The Pound currency escaped a lower fall as the US dollar weakened in the market towards the end of the week.
The focus was on the United States (US) inflation data published in the New York session yesterday but did not have a significant impact on price movements.
The market was more driven by the positive development of the US-China trade negotiations when several matters were agreed upon by both parties.
The positive sentiment of the negotiations that ended yesterday provided relief in the market but had a negative impact on the value of the US dollar.
The focus was on the UK economic growth report in the European session, affecting the movement of the Pound currency while the US producer price index (PPI) data will be given attention in the next session and is expected to drive the US dollar.
The GBP/USD currency pair chart on Tuesday showed a decline reaching around 1.34600 but rebounded on Wednesday.
The increase was clearly displayed in the New York session yesterday up to 1.35600 before slowing down again to end the closing trade of the session.
Following the bullish signal that the price had been above the Moving Average 50 (MA50) support line on the 1-hour timeframe on the GBP/USD chart, the price continued its upward trend in the Asian session this morning (Thursday) approaching the resistance zone of 1.36000.
However, the momentum was interrupted by the UK monthly growth figure in April recording -0.1%, indicating a worse-than-expected contraction.
The price fell with the initial reaction to the data release and if it continues, the 1.35000 level could be the target to be approached again.

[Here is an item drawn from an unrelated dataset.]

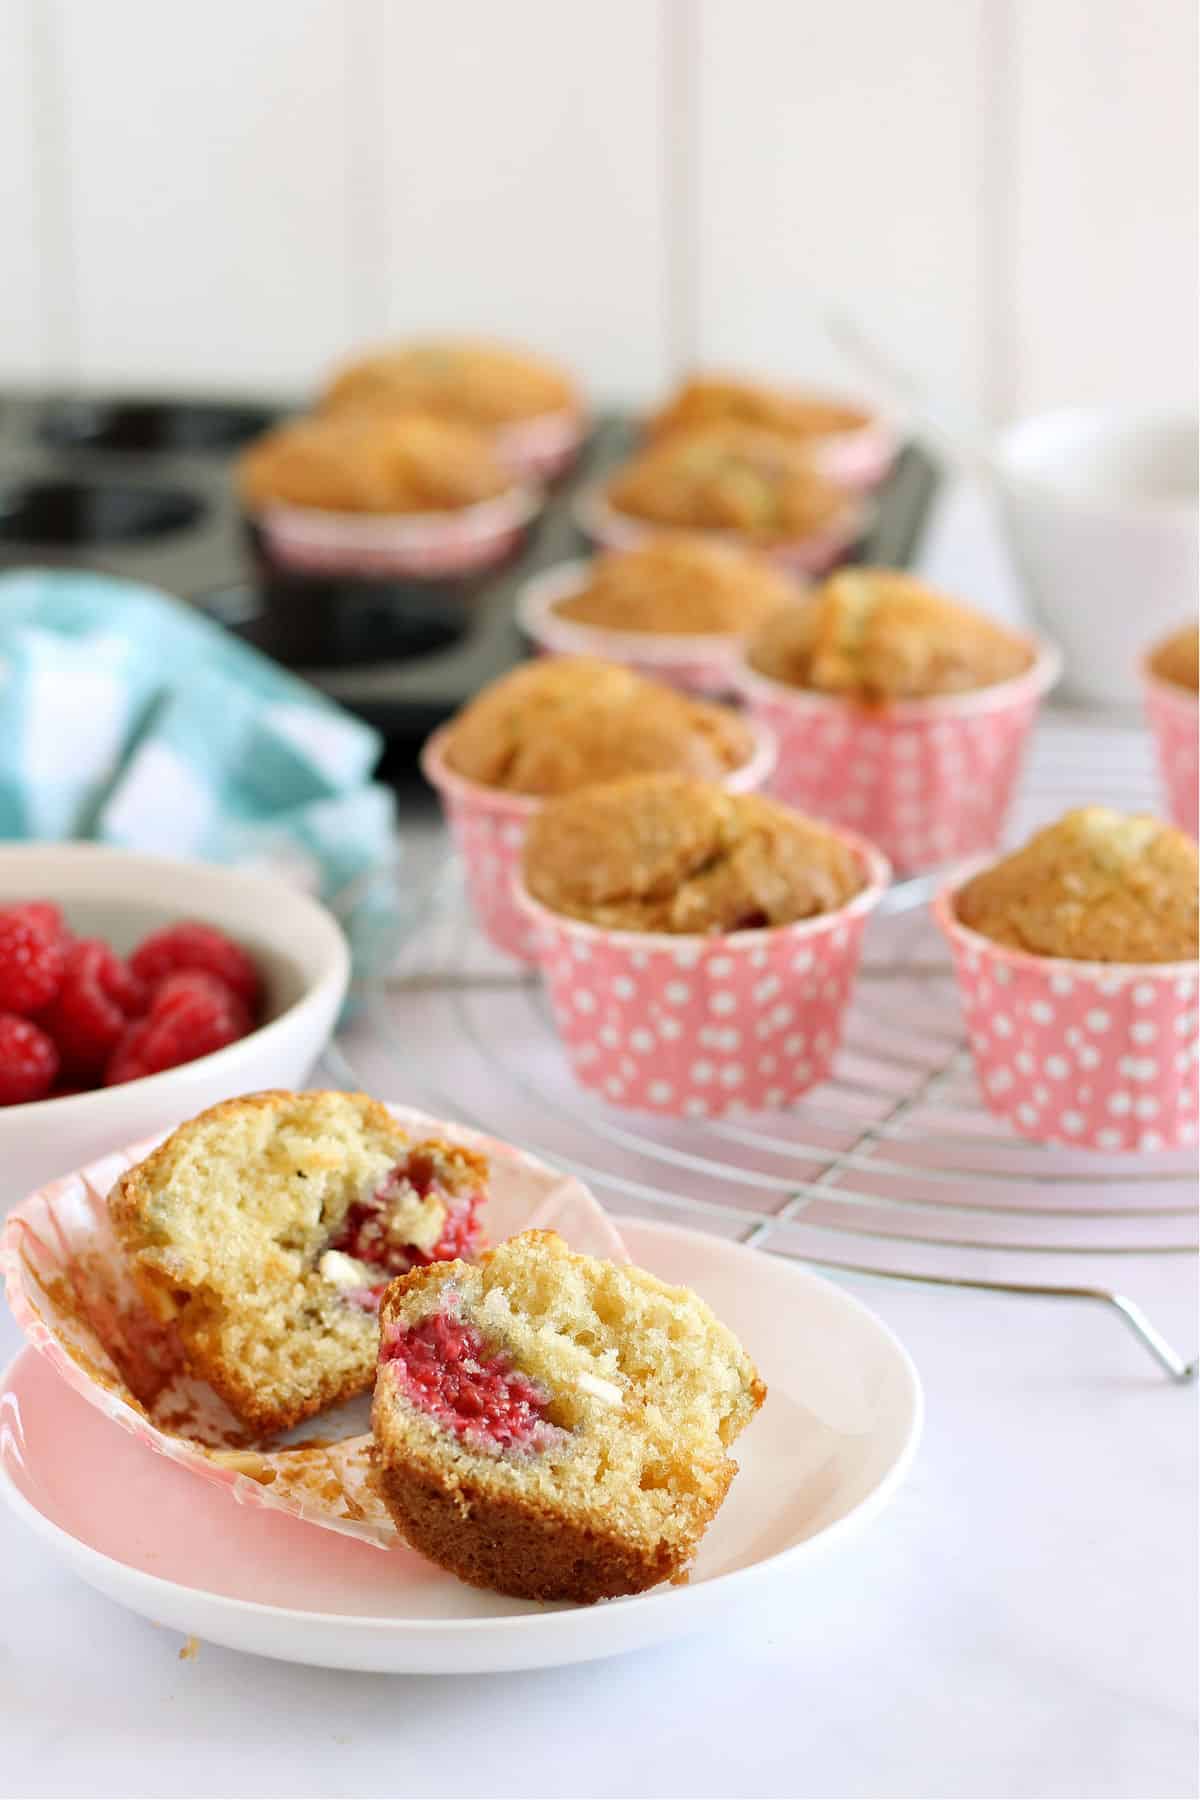 A close up of a raspberry and white chocolate muffin.
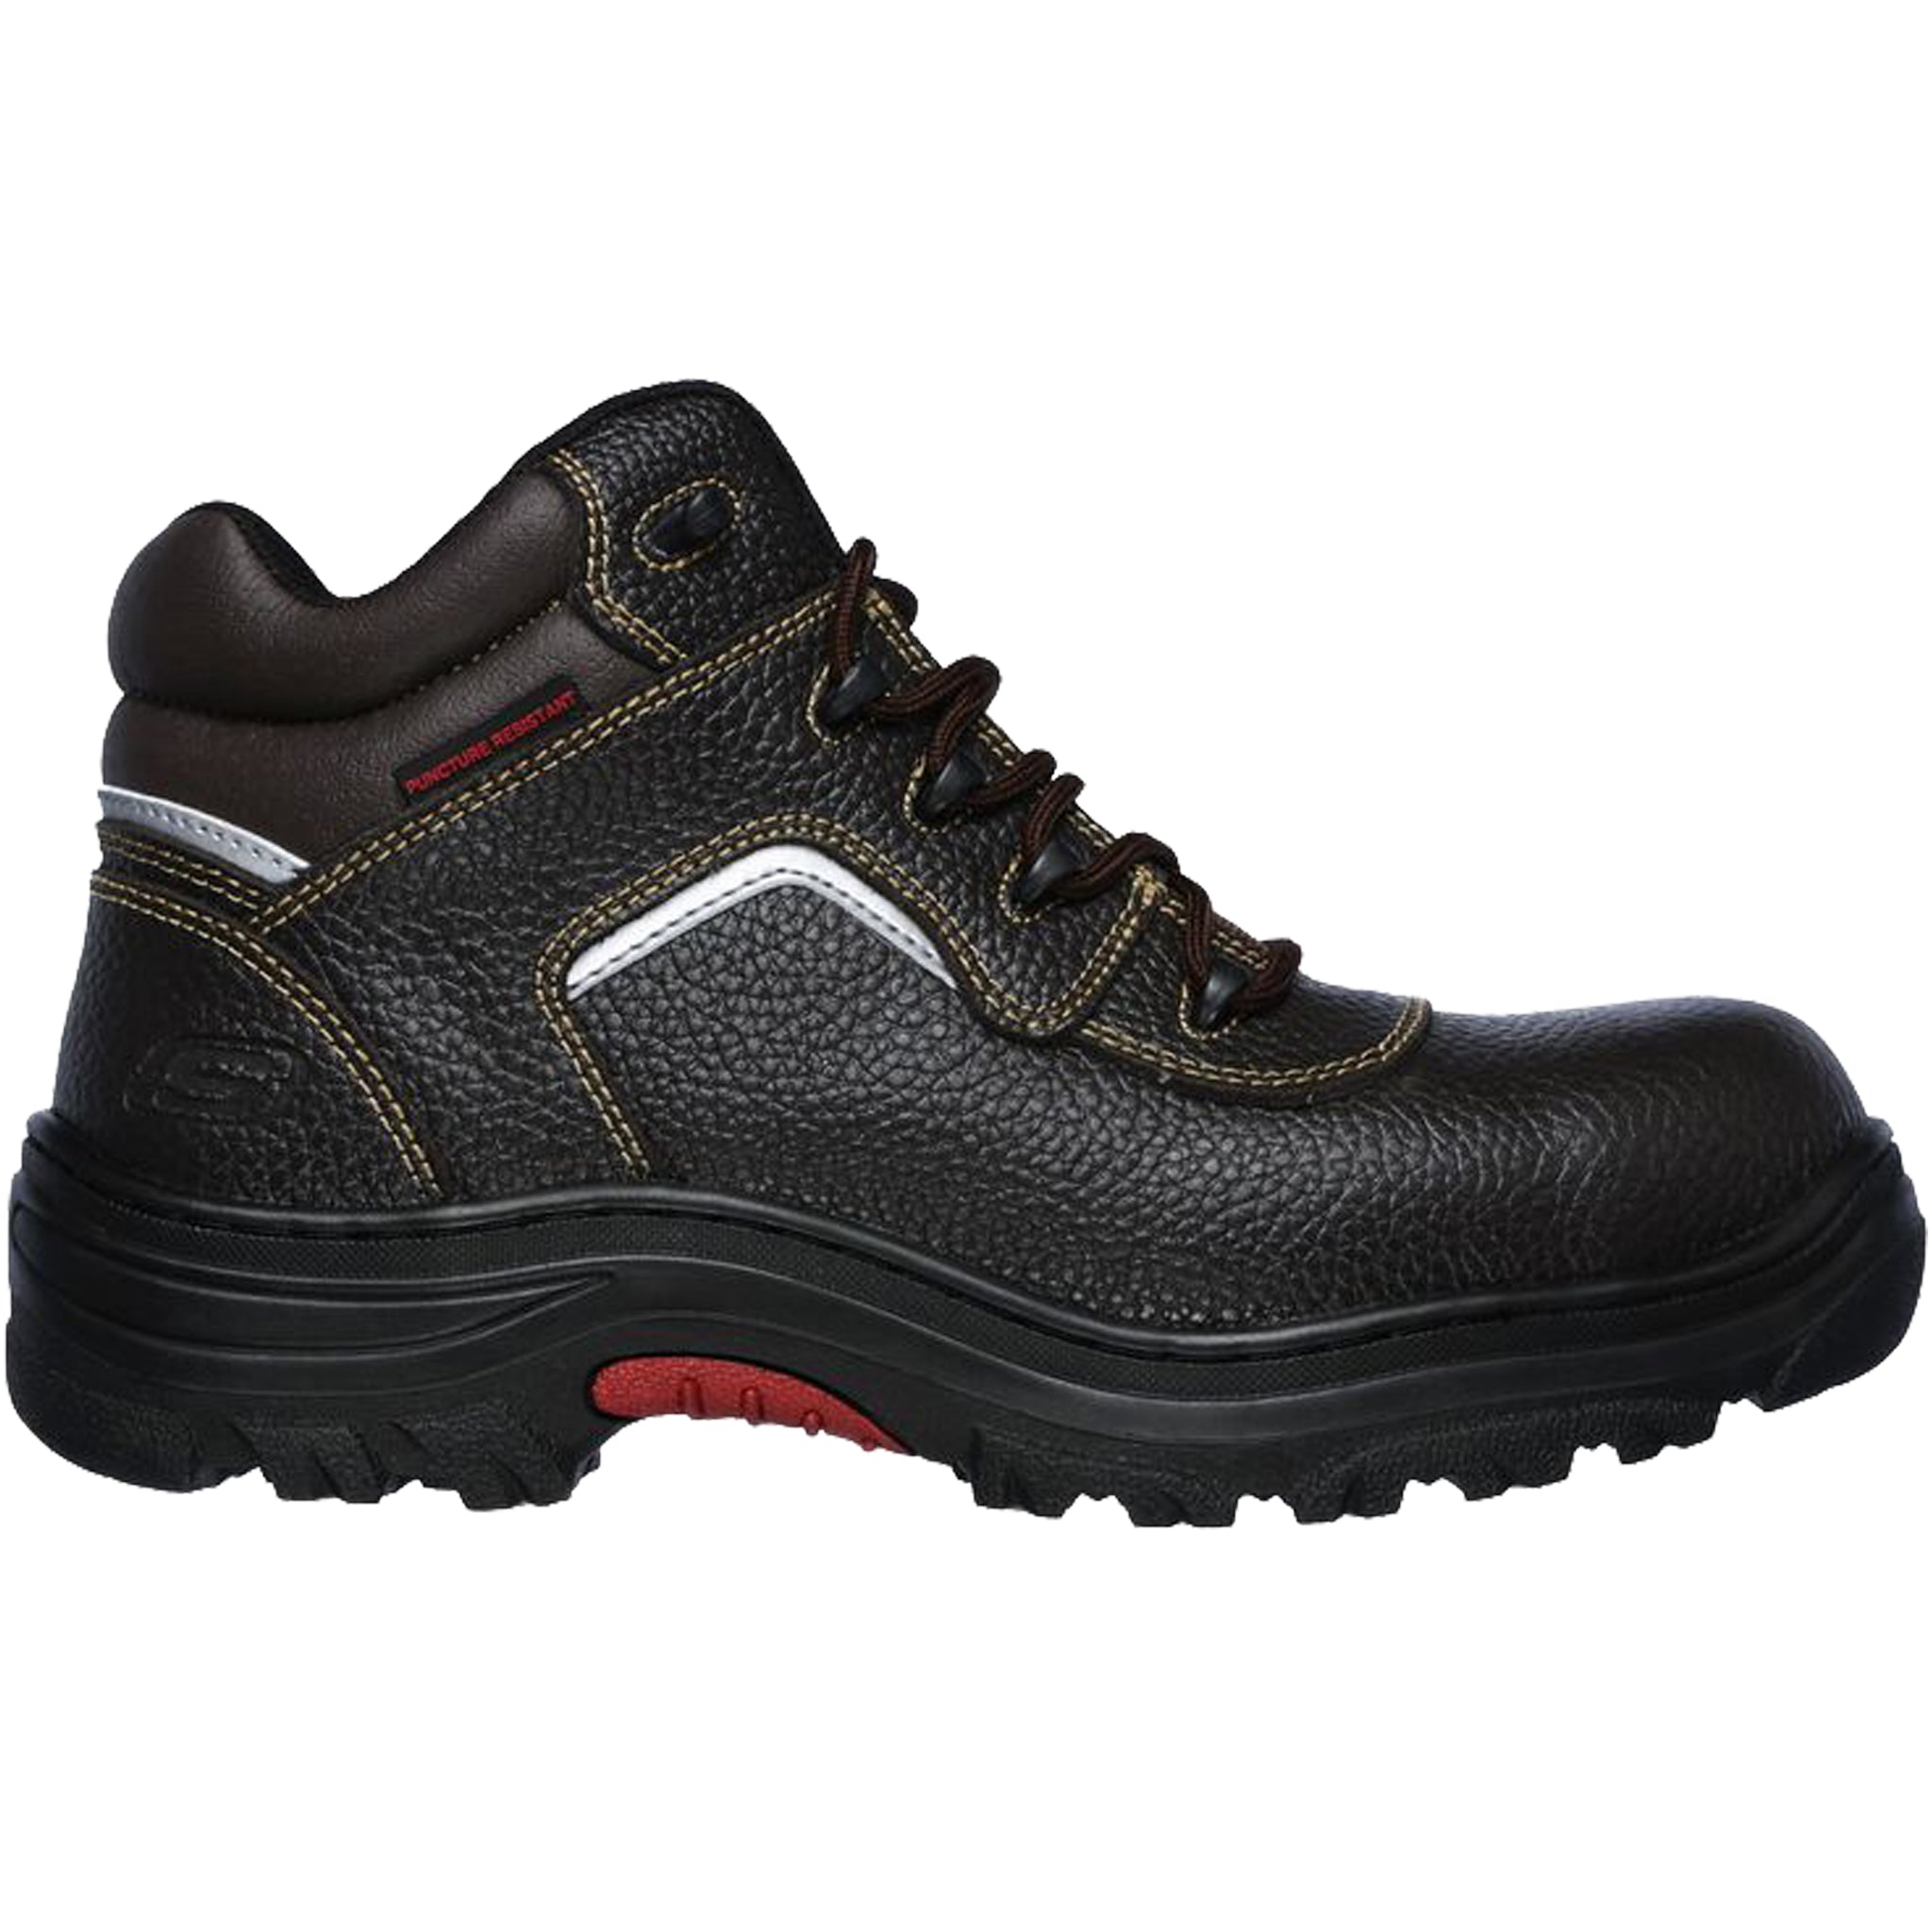 Skechers Men's 77144 Burgin Soster Composite Safety Toe Memory That Shoe and More

An extended fall below that level would provide a clearer signal for bearish movement for the price.
On the other hand, if the increase continues, last week's high reached at 1.36160 will be surpassed for the price to record the latest 3-year record high.
For the target for a higher increase, the target shifts to the top of 1.37000 but must first pass the resistance zone of 1.36000 which still restricts the price's advance.